The data and arguments presented in the article are sound and well worth
a read, though the conclusion is only partly justified, IMHO. What is
stable in the the long run is the association of a given high-frequency
etymon with a given meaning, making lexical replacement less likely. But
the "replication accuracy" of frequently used words is fact _lower_ than
that of rarely used ones -- a fact they don't discuss or even notice.
Such words live longer, but may tend to develop irregularly. Suffice it
to compare English <one> (+ its mutant sisters <a, an, 'un> + the
regular development in <only>) with "decent" members of the same OE
lexical set, like <ghost, boat, road, stone, loaf> etc.
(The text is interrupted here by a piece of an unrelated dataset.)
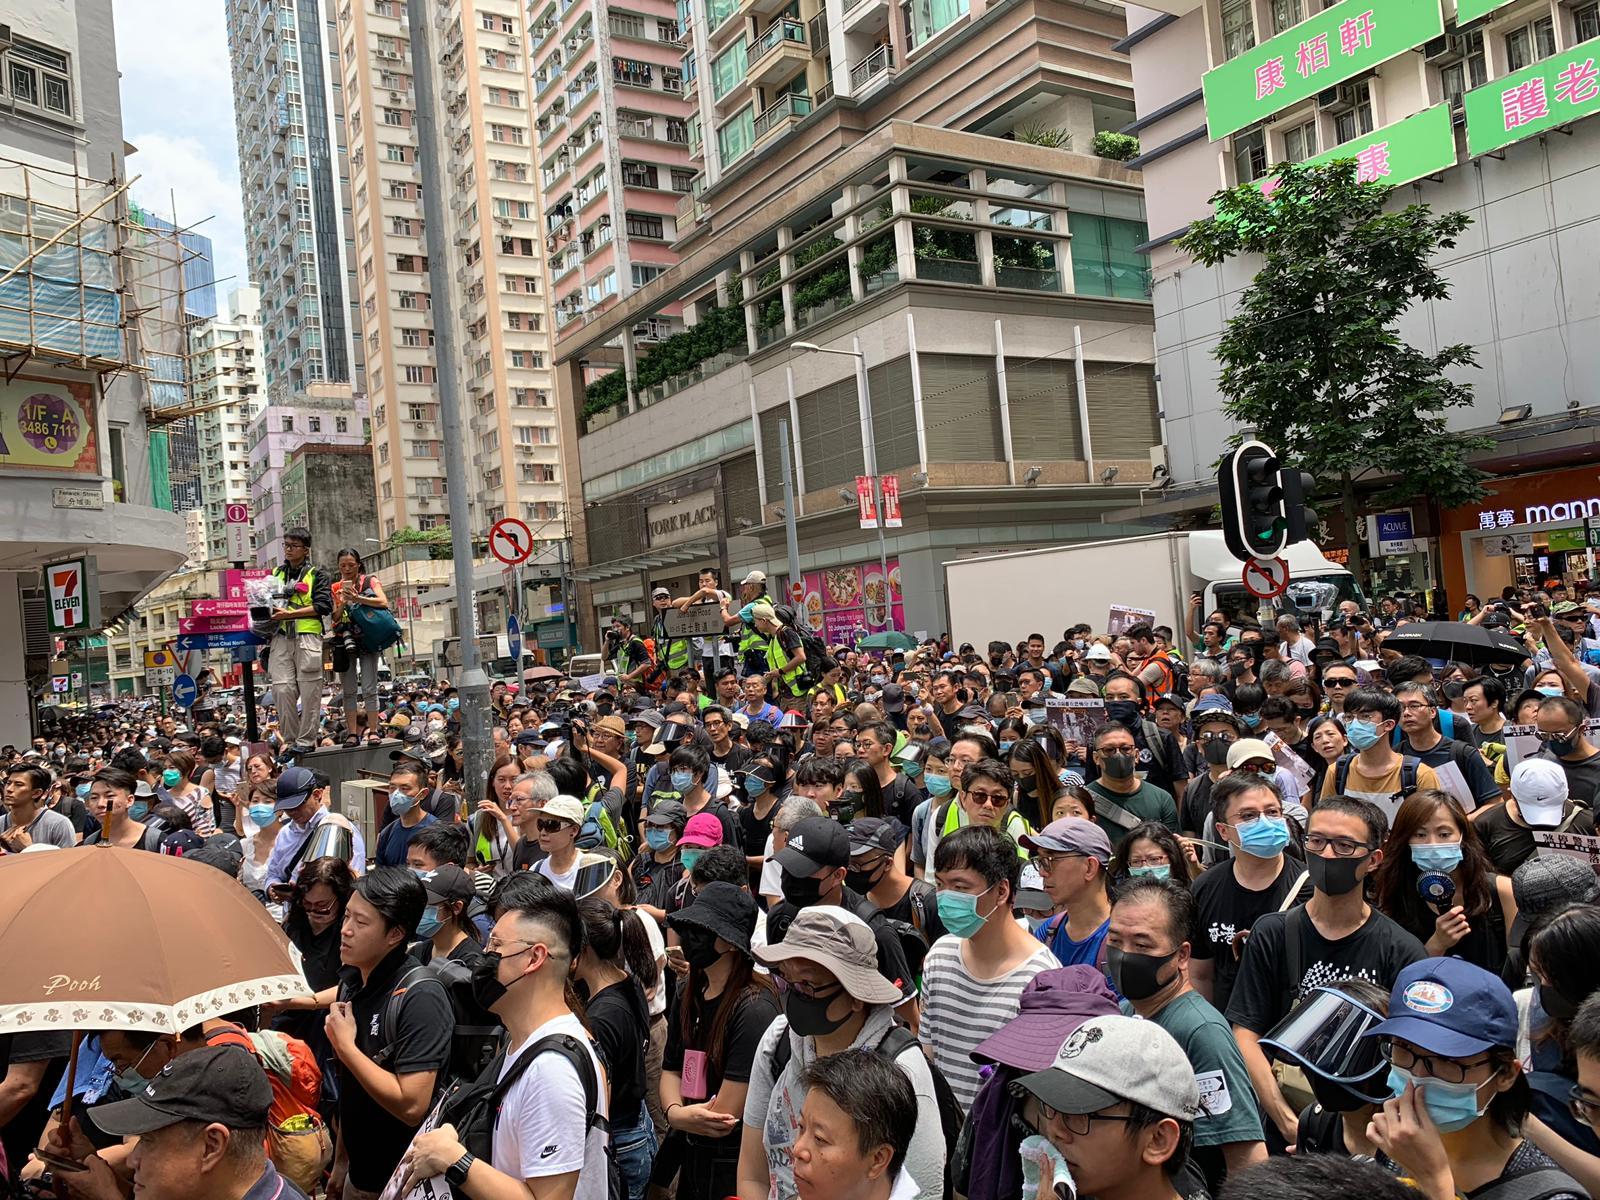 指示威者佔据轩尼诗道及花园道等 警方警告立刻停止违法行为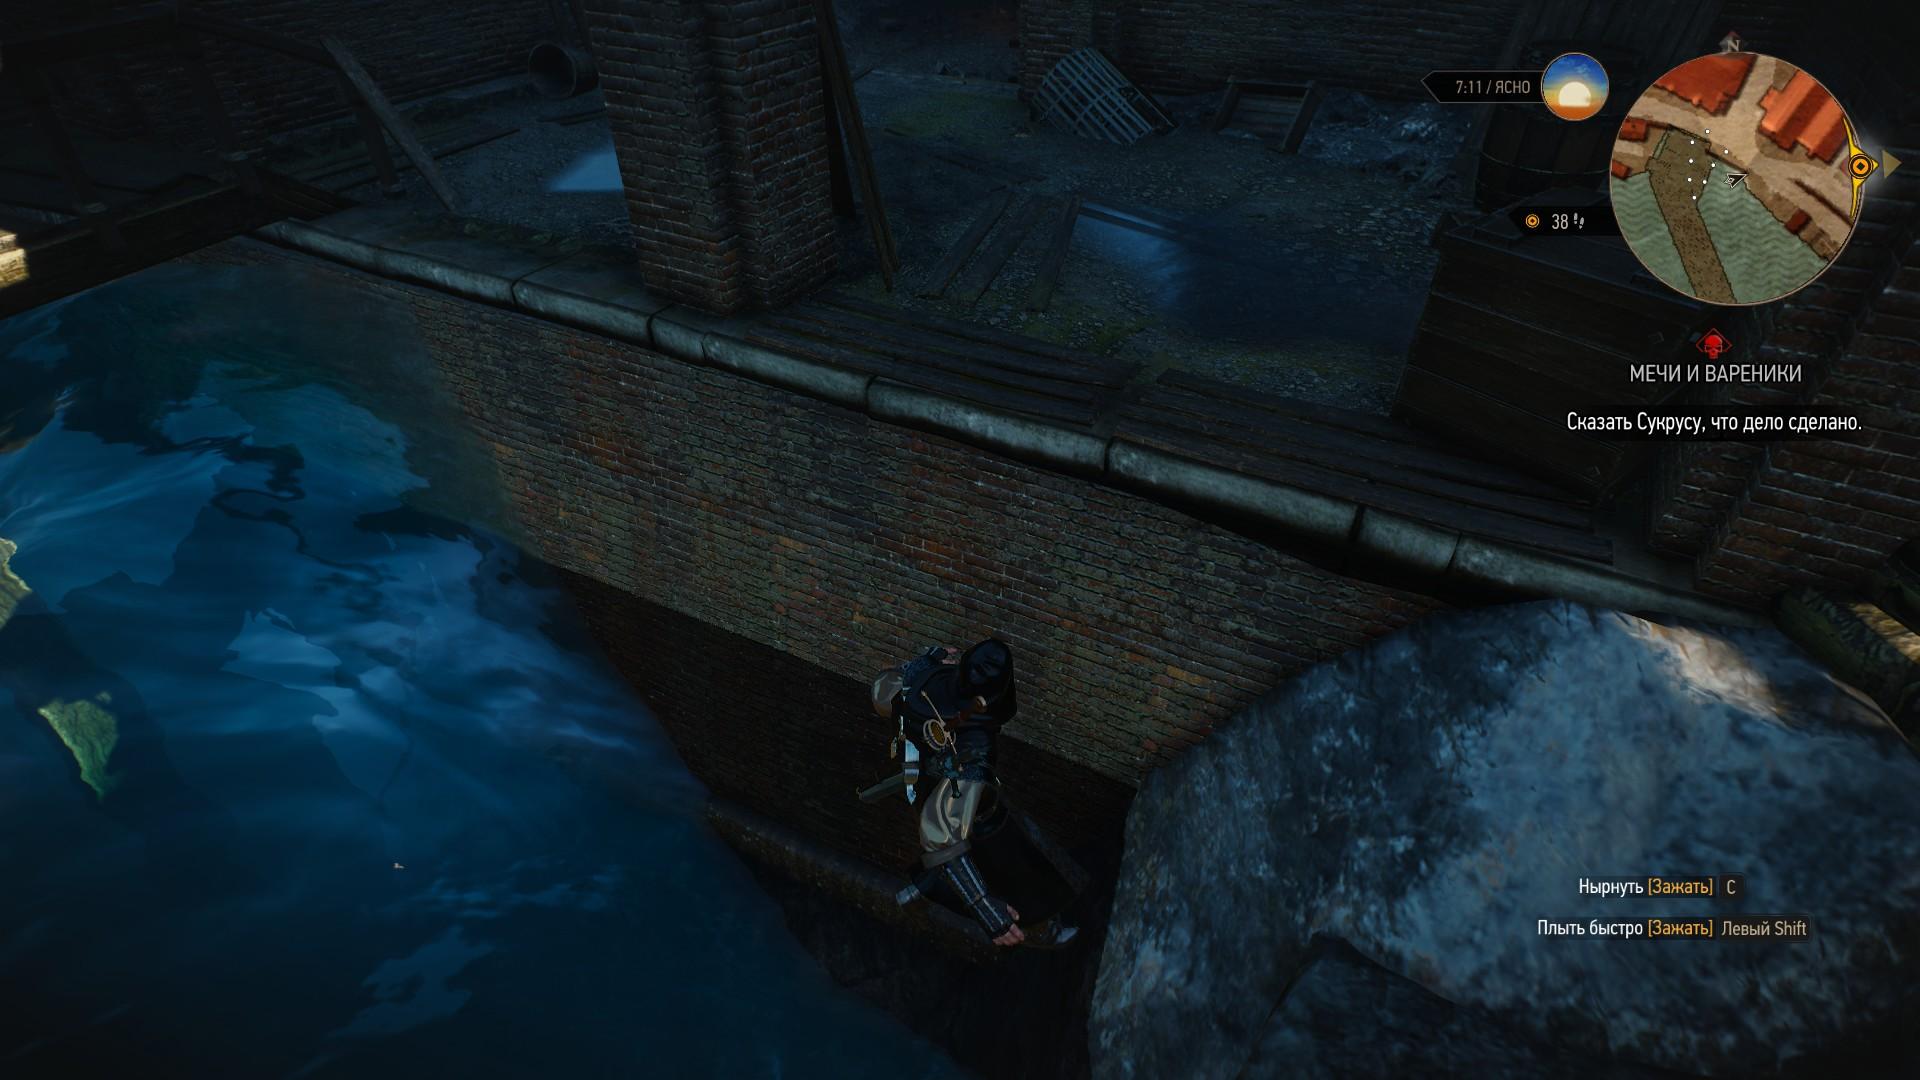 Геральт плавает в водном провале - Witcher 3: Wild Hunt, the

The operative phrase in the quotation above is "selected lexical items".
What the authors find is that the frequency of word-use is
cross-linguistically so skewed that just a handful of words account for
most of speech, while all the rest are, on the average, used less
frequently than once per 10000 words. They demonstrate that there is,
accordingly, an enormous variation in rates of replacement even among
the "fundamental" meanings in Swadesh's 200-item list (their estimated
half-lives varying from about 750 to 10000 yrs). So the "selected" ones
are words with meanings like "two", "night", "water" or "die" rather
than "dirty" or "stab" (not to mention non-fundamental vocabulary). It's
therefore hardly surprising that long-rangers often find something
suggestive -- and possibly non-illusory -- like the "mi/ti" pronouns but
little evidence of anything else. The detected affinities may well be
real but insufficient to establish a plausible reconstruction based on
systematic correspondences.

On the other hand, the findings of Pagel et al. at least suggest a
heuristic for long-rangers: we should initially concentrate on a small
set of high-frequency meanings and try to find a secure foothold there
before attempting further steps. With a little bit of luck we may get
somewhere. But if we cast the net widely among rarer words, we will
almost certainly end up with a useless jumble of fortuitous false
matches, signifying nothing.

Piotr